The 3D images, which were published in the February 10 issue of the journal Science, were captured from a 7.2. magnitude earthquake that occurred near Mexicali in northern Mexico on April 4, 2010, according to a February 9 University of California-Davis (UC-Davis) press release. Using light detection and ranging (LiDAR) equipment, the geologists were able to aerially scan approximately 140 square miles of terrain in under three days.
According to Rebecca Boyle of Popular Science, experts knew that the April 4 earthquake had “tore a 74-mile rupture through multiple faults in northern Baja California,” but by using the high-resolution LiDAR technology and comparing existing maps of the region with the data gathered from the new images, “the researchers could see the where the Earth moved, and by how much. They even spotted new faults that had not been documented before.”
“We can recognize their activity from how they disrupt the landscape, but we don’t have a good way of assessing the potential size of earthquakes they produce, because they tend to rupture together with other, nearby faults in a complicated way,” UC-Davis geologist and lead author Michael Oskin told Charles Q. Choi of OurAmazingPlanet on Thursday, adding that multi-fault earthquakes “can be especially dangerous if they occur near an urban area that is not well prepared.”
Oskin and his colleagues worked alongside the National Center for Airborne Laser Mapping (NCALM) on the project, which involved flying over the area with their LiDAR equipment and bouncing a stream of laser pulses off the ground. The UC-Davis geologist said that they were already aware that the region they were studying had been mapped using similar technology by the Mexican government some four years earlier.

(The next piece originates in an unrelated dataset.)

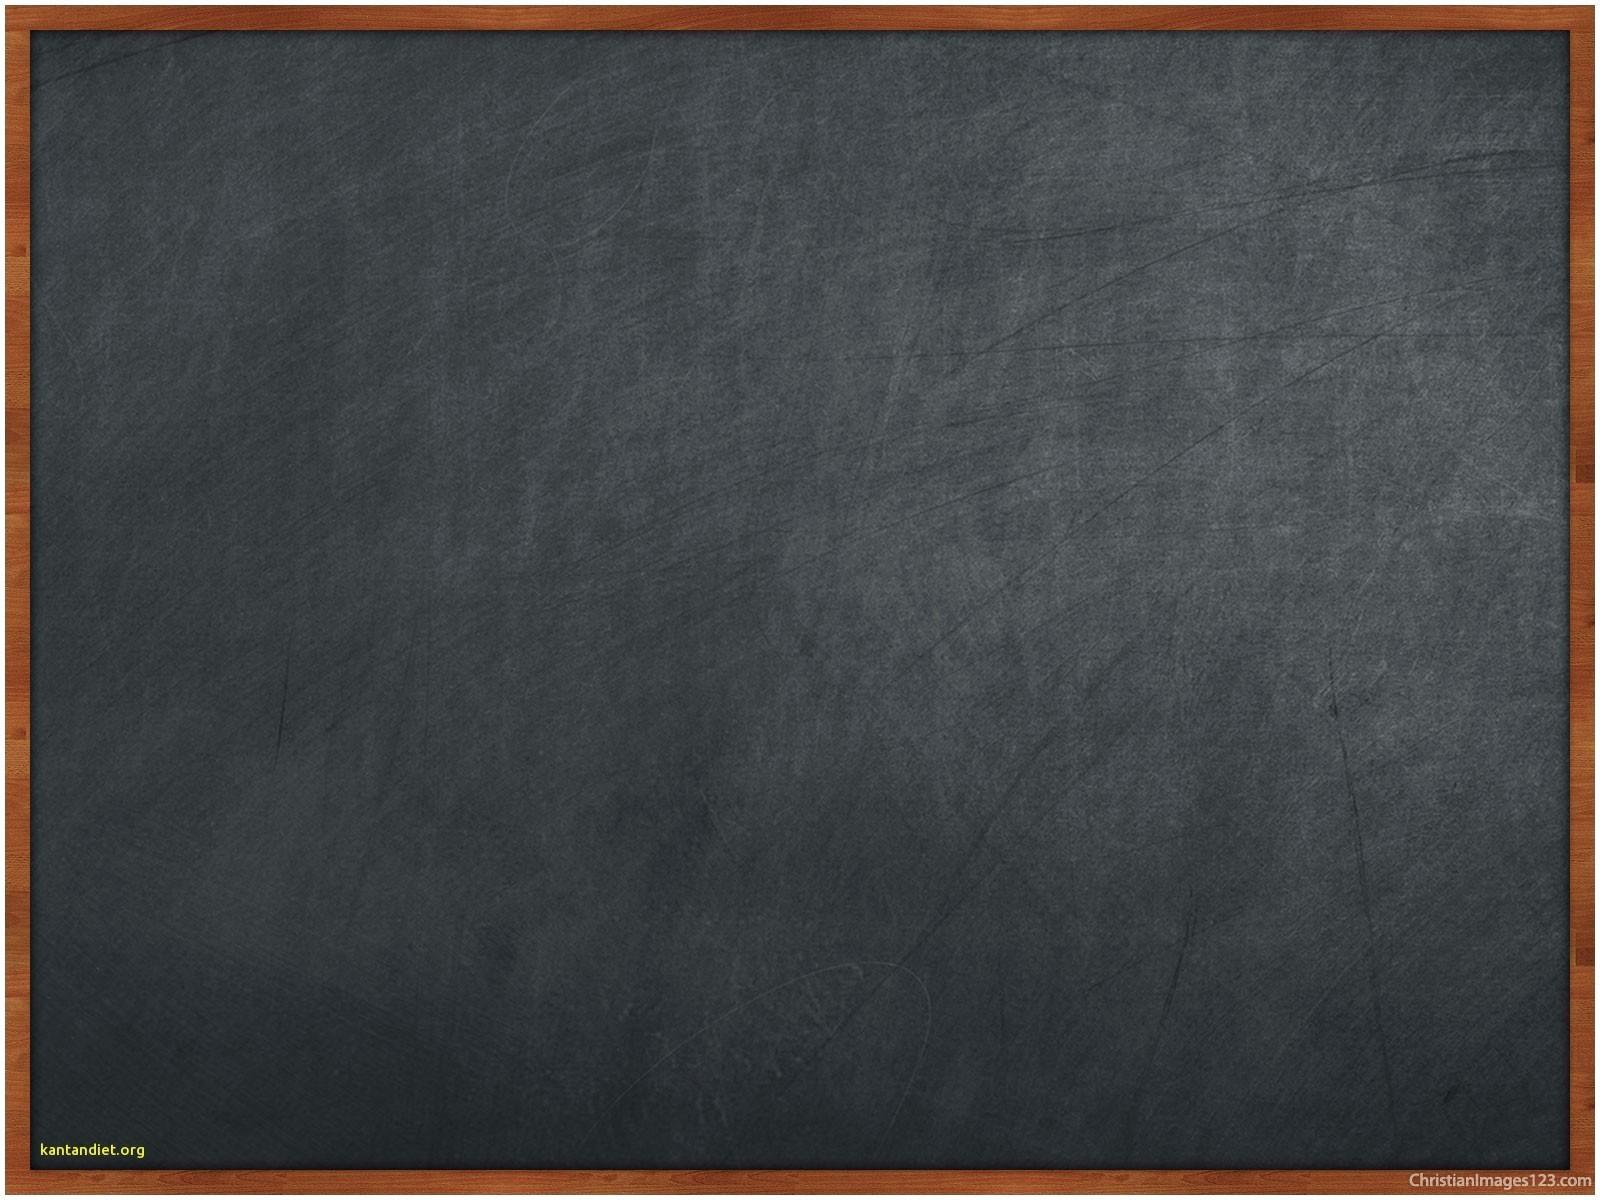 Chalkboard Powerpoint Template Free Download Fresh Chalkboard Ppt Template

The researchers used a “virtual reality” facility at the university to analyze the data, comparing before and after photos from the location to determine what impact the earthquake had on the ground, the university said. By studying the deformation that occurred around seven small faults responsible for the seismic activity, they discovered how each of them played a role in causing the quake to occur.
“This gives new insight into how faults link together to produce large earthquakes, and how geologic structures incrementally grow these events – for example, folding of rocks and growth of topography and basins around faults,” Oskin told Choi. “We can immerse ourselves into the 3-D data set, down to the individual point measurements — all 3.6 billion of them for the post-earthquake data set.”
“We can learn so much about how earthquakes work by studying fresh fault ruptures,” he added. “In this case, we have learned a great deal about how the rocks surrounding faults deform, which will give us better insight into how faults link together,” which in turn could help scientists “develop better projections of how future, complex multi-fault ruptures may occur.”
In addition to Oskin, UC-Davis graduate student Austin Elliott and researcher Peter Gold; J. Ramon Arrowsmith of Arizona State University; Alejandro Hinojosa Corona and J. Javier Gonzalez Garcia, CICESE in Mexico; Eric Fielding of NASA’s Jet Propulsion Laboratory (JPL) in Pasadena, California; and Jing Liu-Zeng of the Chinese Academy of Sciences were all credited as authors of the study.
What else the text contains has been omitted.